--- EXERCISE DATA ---
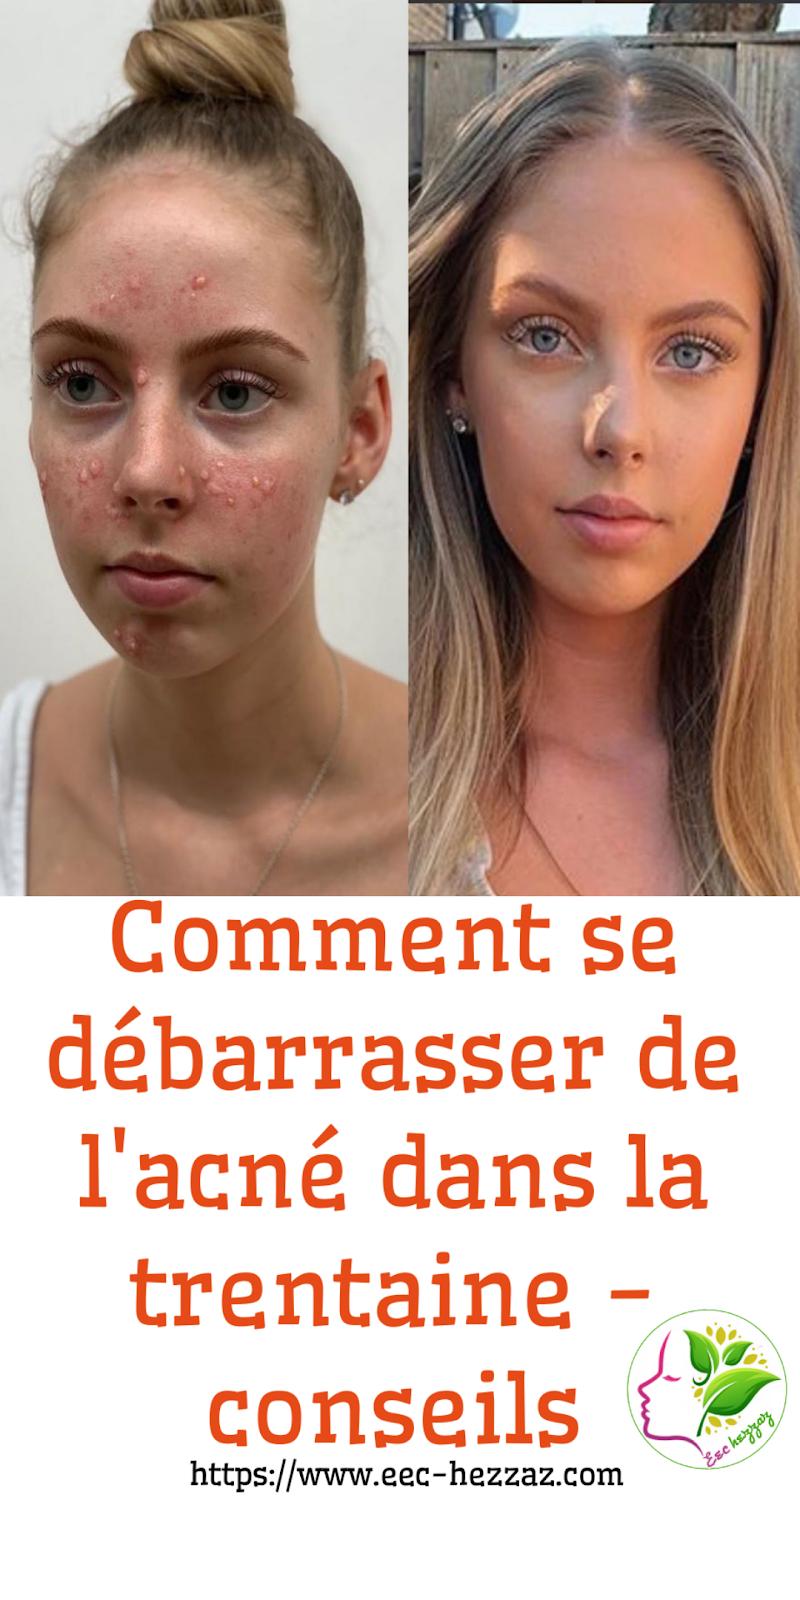 Comment se débarrasser de l'acné dans la trentaine - conseils
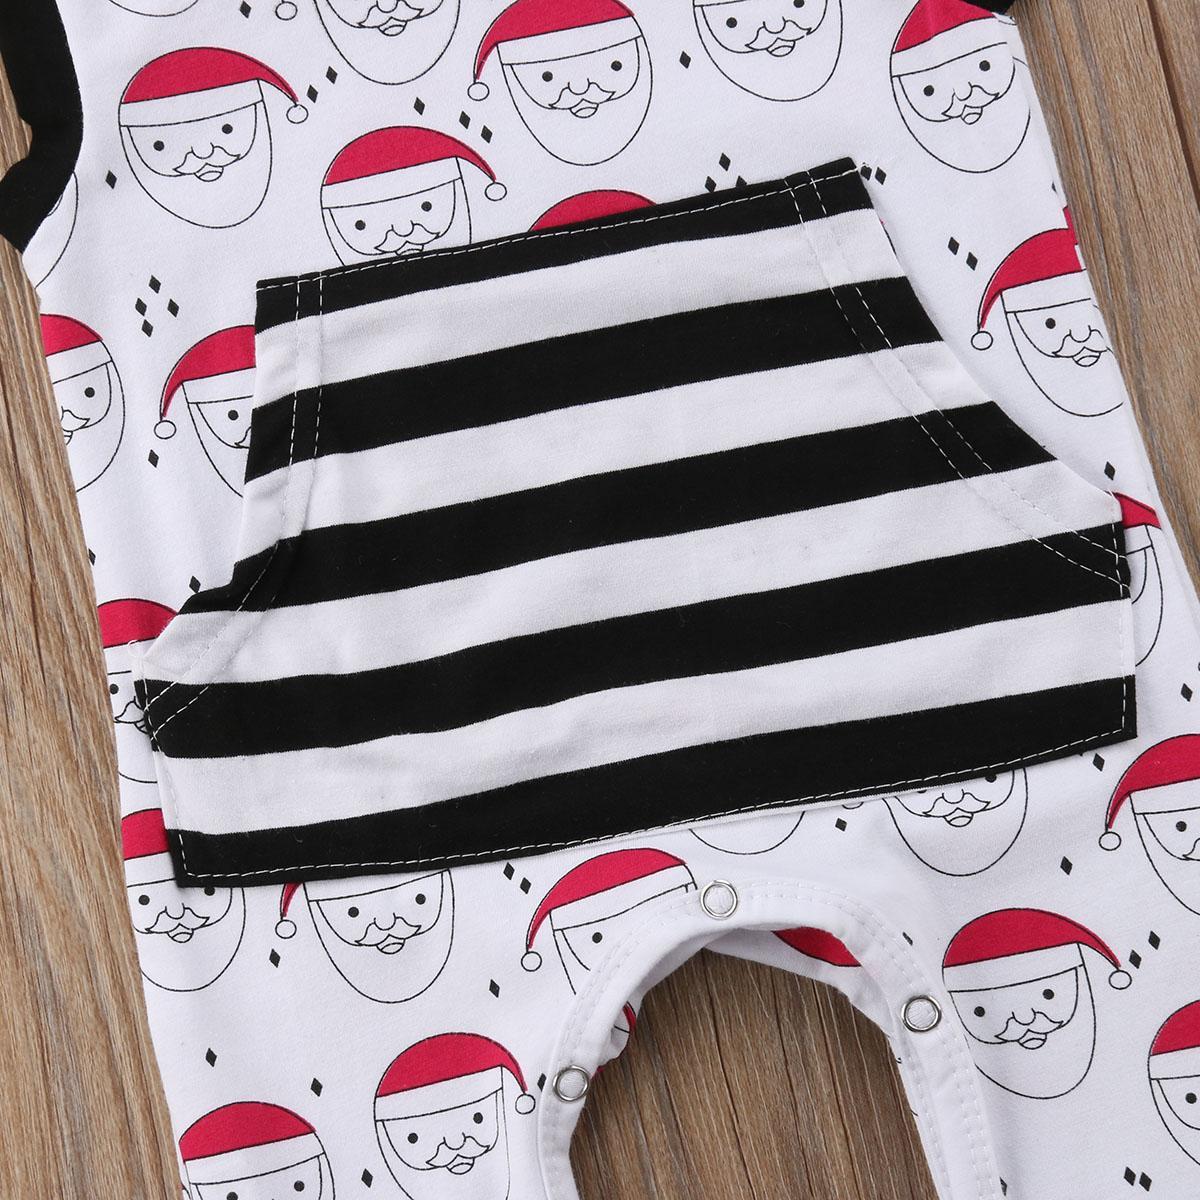 신생아 아기 소년 소녀 산타 크리스마스 후드 뛰어 돌아 다니는 민소매 스트라이프 대형 포켓 점프 수트 의상 의류
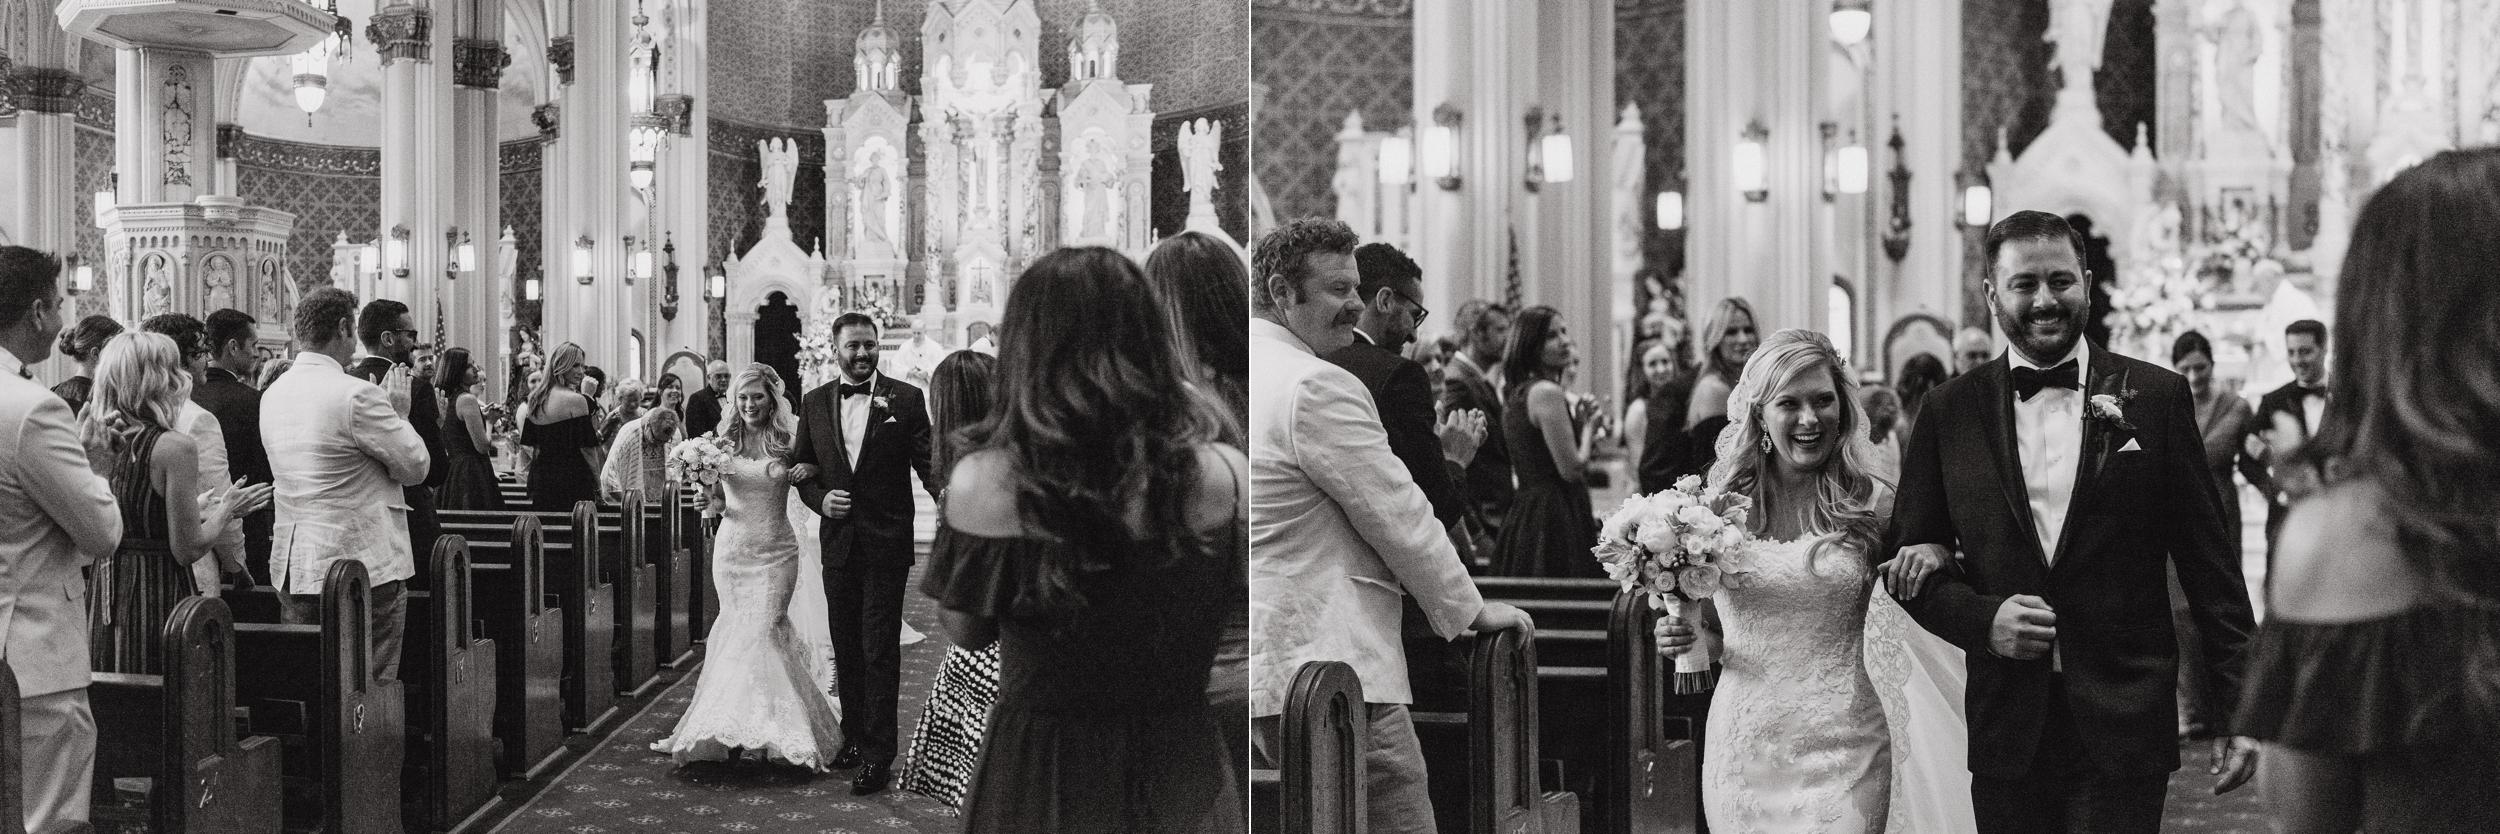 26-traditional-san-francisco-presidio-golden-gate-club-wedding-vivianchen-353_WEB.jpg
---
[TASK INSTRUCTIONS] Transcribe the listing in full. Leave the pictures out.

[OUTPUT OF THE EXERCISE]
 Comment se débarrasser de l'acné dans la trentaine - conseils
 신생아 아기 소년 소녀 산타 크리스마스 후드 뛰어 돌아 다니는 민소매 스트라이프 대형 포켓 점프 수트 의상 의류
 26-traditional-san-francisco-presidio-golden-gate-club-wedding-vivianchen-353_WEB.jpg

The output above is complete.